Re: boosting based on number of terms matched?

2011-02-25 Thread Chris Hostetter

: I'm using the edismax handler, although my question is probably the same for
: dismax. When the user types a long query, I use the mm parameter so that
: only 75% of terms need to match. This works fine, however, sometimes documents
: that only match 75% of the terms show up higher in my results than documents
: that match 100%. I'd like to set a boost so that documents that match 100%
: will be much more likely to be put ahead of documents that only match 75%. Can
: anyone give me a pointer of how to do this?
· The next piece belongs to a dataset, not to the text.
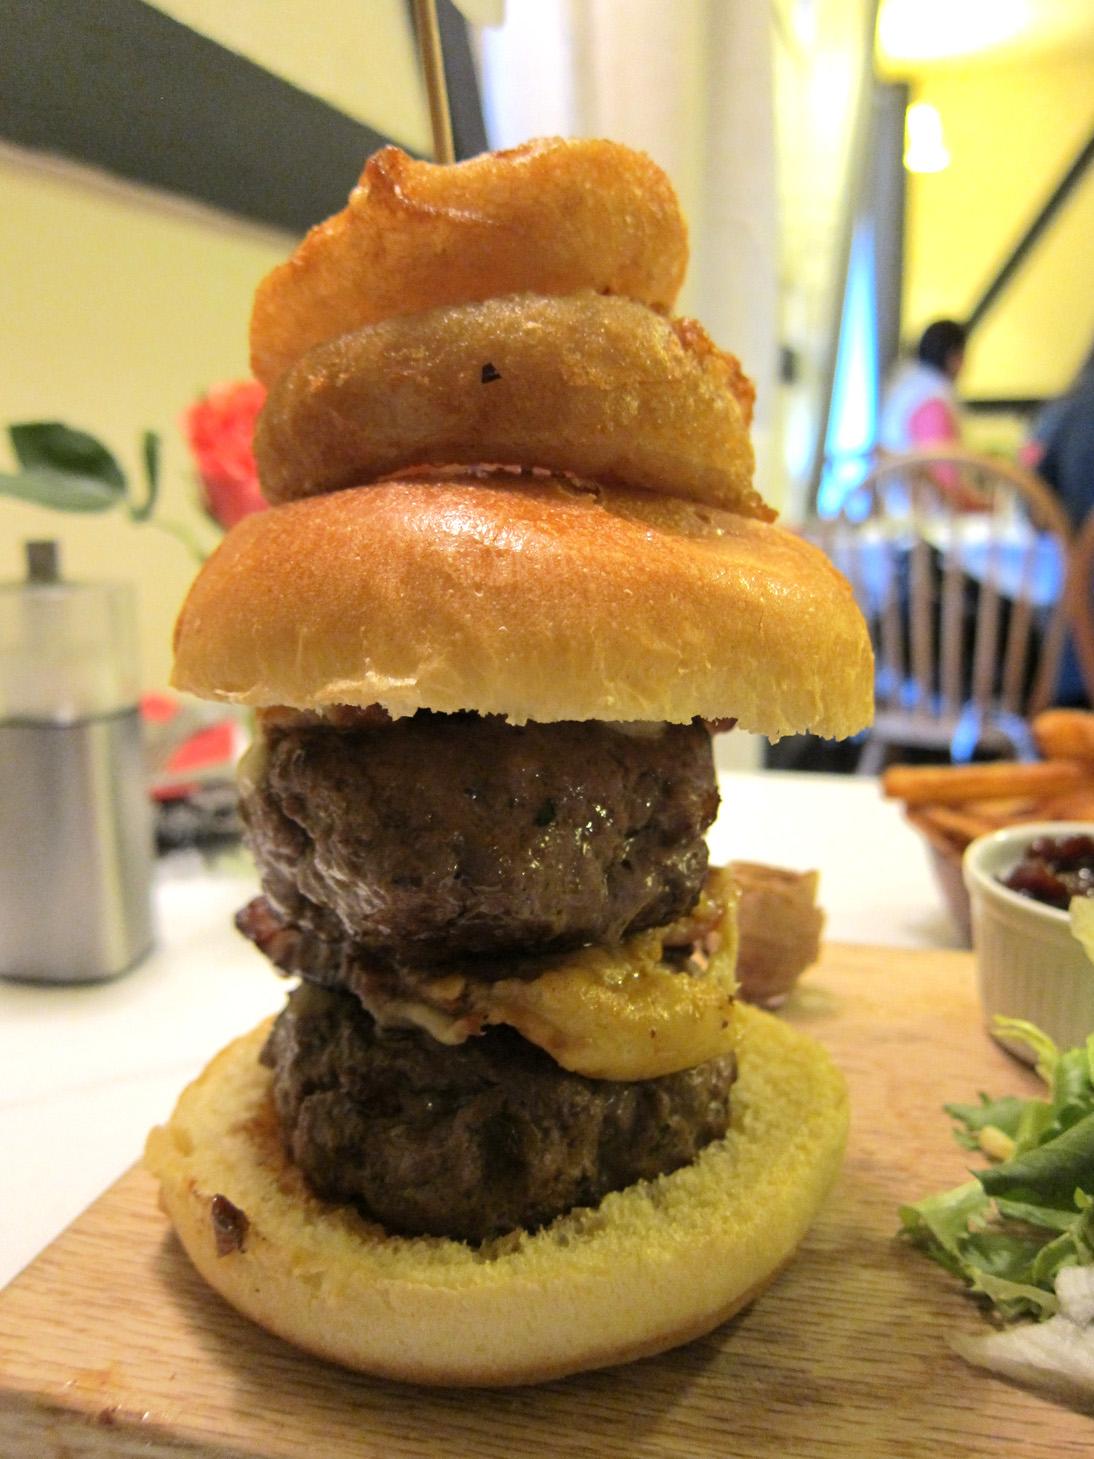 Cyngets_Wrexham Burger Challenge

Thanks,

this is essentially the default behavior -- mm just sets a minimum 
number of clauses to be considered a match, but the coord factor still 
applies and penalizes docs based on how many clauses they don't match.

if you are seeing docs that match fewer terms score higher then docs 
matching more terms it is likely because of the boosts you already have 
specified (either in the qf, or maybe using the bf), but the discrepency 
could be based on other standard scoring factors as well (lengthNorm, 
index time doc boosts, the IDF of the terms, etc...
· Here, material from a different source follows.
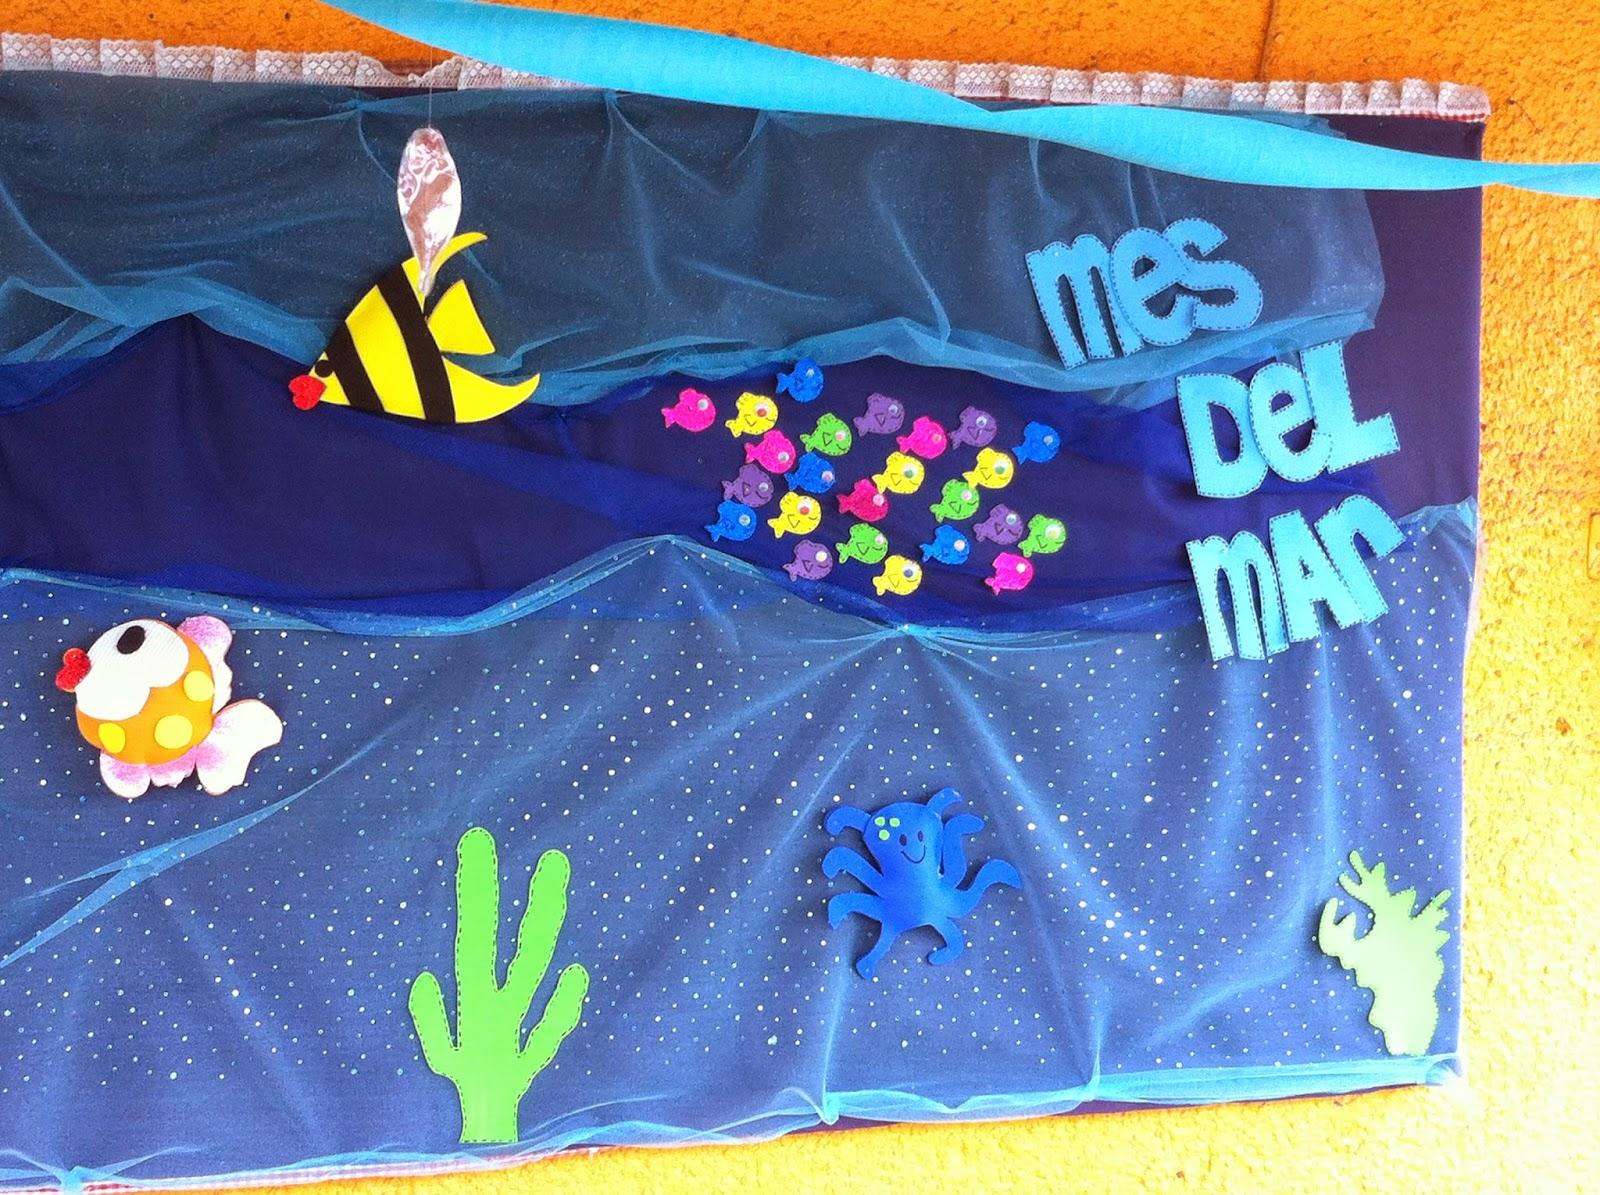 Jard n infantil un mundo de amor muestra de decoraci n for Decoracion verano para jardin infantil

this is where it beocmes neccessary to start looking at score explanations 
and really thinking through the data.


-Hoss


boosting based on number of terms matched?
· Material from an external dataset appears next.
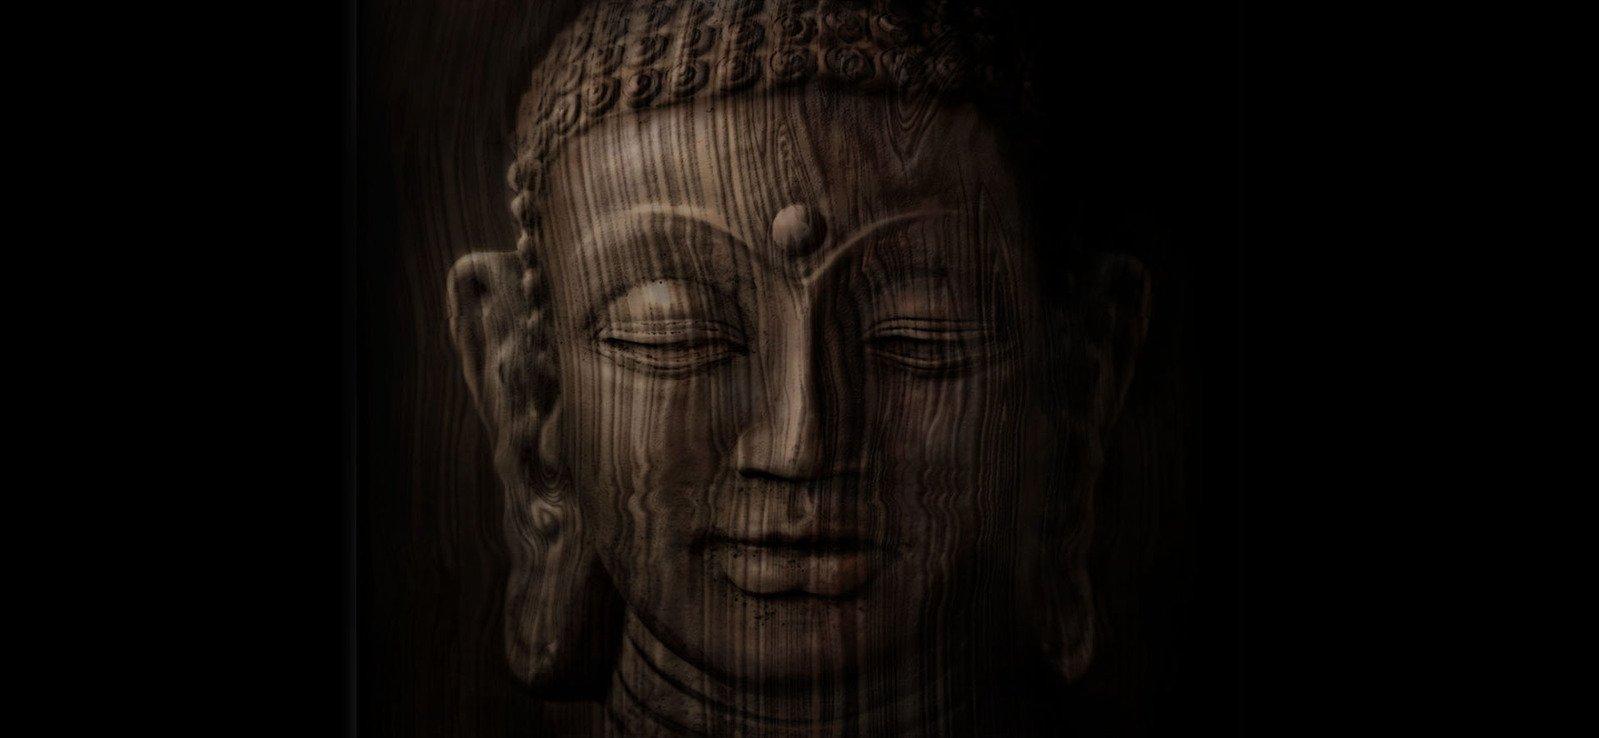 Gautam Buddha Hd Wallpaper Download Free Buddha Face Stock Photo Freeimages Com

2011-02-24 Thread DarkNovaNick
I'm using the edismax handler, although my question is probably the same  
for dismax. When the user types a long query, I use the mm parameter so  
that only 75% of terms need to match. This works fine, however, sometimes  
documents that only match 75% of the terms show up higher in my results  
than documents that match 100%. I'd like to set a boost so that documents  
that match 100% will be much more likely to be put ahead of documents that  
only match 75%. Can anyone give me a pointer of how to do this? Thanks,


Nick